Genetic basis of host adaptation and host switching
The capacity for some pathogens to infect different host-species is a major threat to public health and food security. In collaboration with the New Hampshire Veterinary Diagnostic Lab, we have collected >1,100 clinical isolates of >25 species of Staphylococcus from >15 wild and domestic animals. Little is known of the evolutionary history of these rare species of Staphylococcus, which are now being recognized as major opportunistic pathogens of humans and animals. These species can also act as a major reservoir for many transferrable antimicrobial resistance determinants and virulence-related genes.
We also collaborate with Dr. Diana Northup (Univ. of New Mexico) to study Streptomyces bacteria from 12 species of bats.
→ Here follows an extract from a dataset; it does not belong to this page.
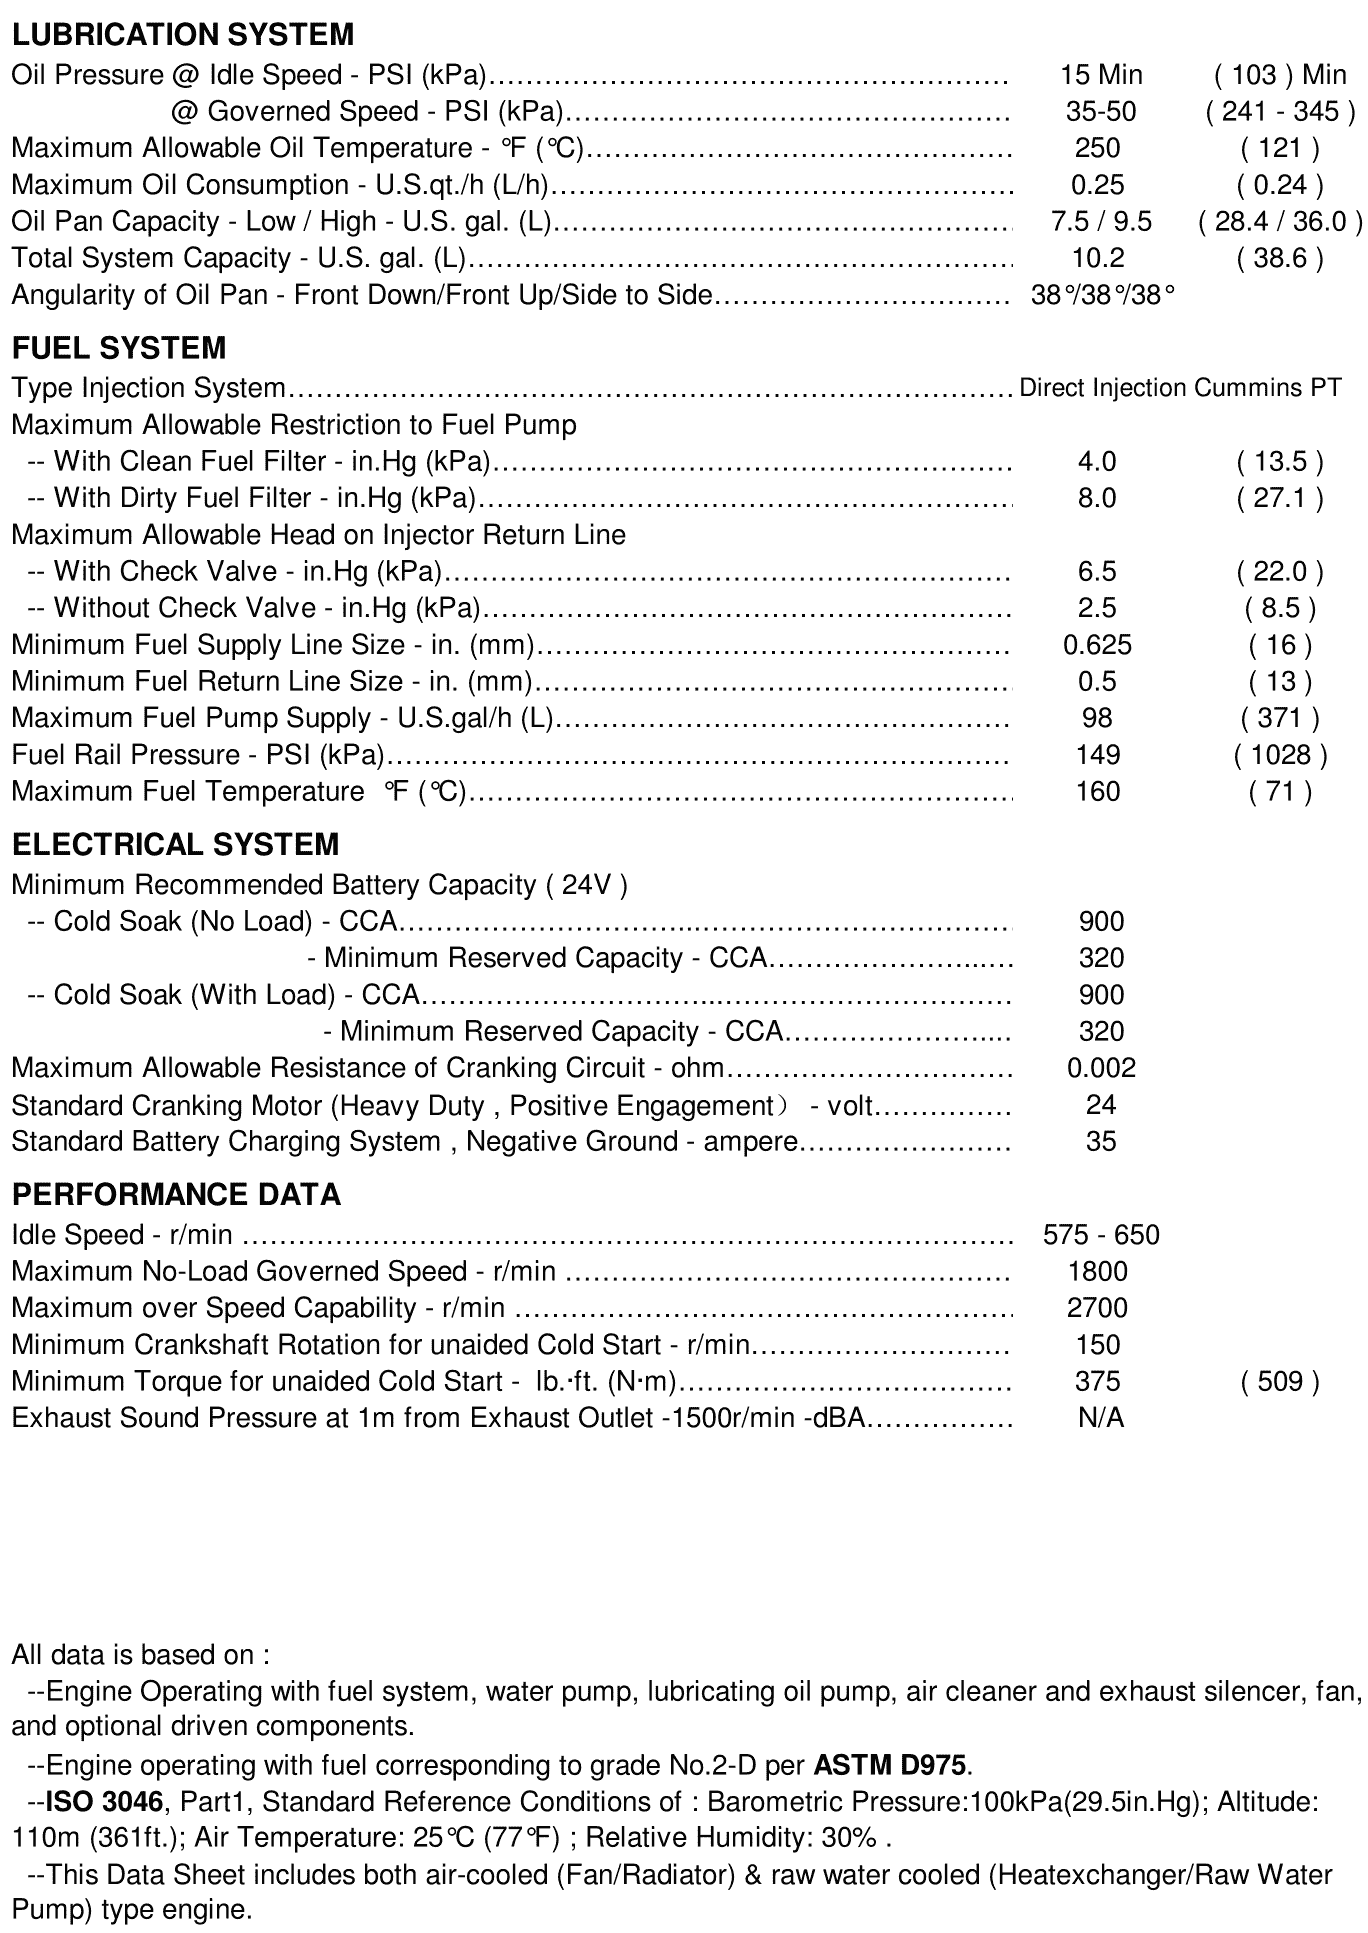 Cummins NTAA855-G7 343kW datasheet

Streptomyces are prolific producers of bioactive specialized metabolites and are known as the major source of naturally-derived antibiotics and many pharmaceutically relevant compounds (e.g., antifungals, antitumor, antihelminths, antiprotozoans, immunosuppressants) that we use today.
For both genera, we study how the presence/absence and distribution of core alleles, accessory genes and mobile genetic elements contribute to their ability to colonize different animal host-species.
Drivers of the evolution and spread of antimicrobial resistance
We study the genomic, population, epidemiological and evolutionary drivers of drug-resistant bacterial pathogens. We use whole genome sequencing to elucidate disease outbreaks, transmission, virulence and the local and global spread of antimicrobial resistance. We are interested in resistance genes that are horizontally acquired and how they are transmitted across the population and in different ecological niches.
Bloodstream infections cause significant patient morbidity and mortality worldwide. Of major concern is the emergence and spread of antimicrobial resistant pathogens in bloodstream infections, which are associated with therapeutic failure and increased mortality. We study multiple bacterial species that are implicated in bloodstream infections, such as Staphylococcus aureus, Escherichia coli, Klebsiella spp. and Enterobacter cloacae in collaboration with Dr. Isabella Martin (Dartmouth-Hitchcock Medical Center).
We also collaborate with the New Hampshire Dept. of Health and Human Services and the New York Wadsworth Center to carry out genomic analyses of diverse bacterial pathogens that cause foodborne infections (Campylobacter, Salmonella, Listeria).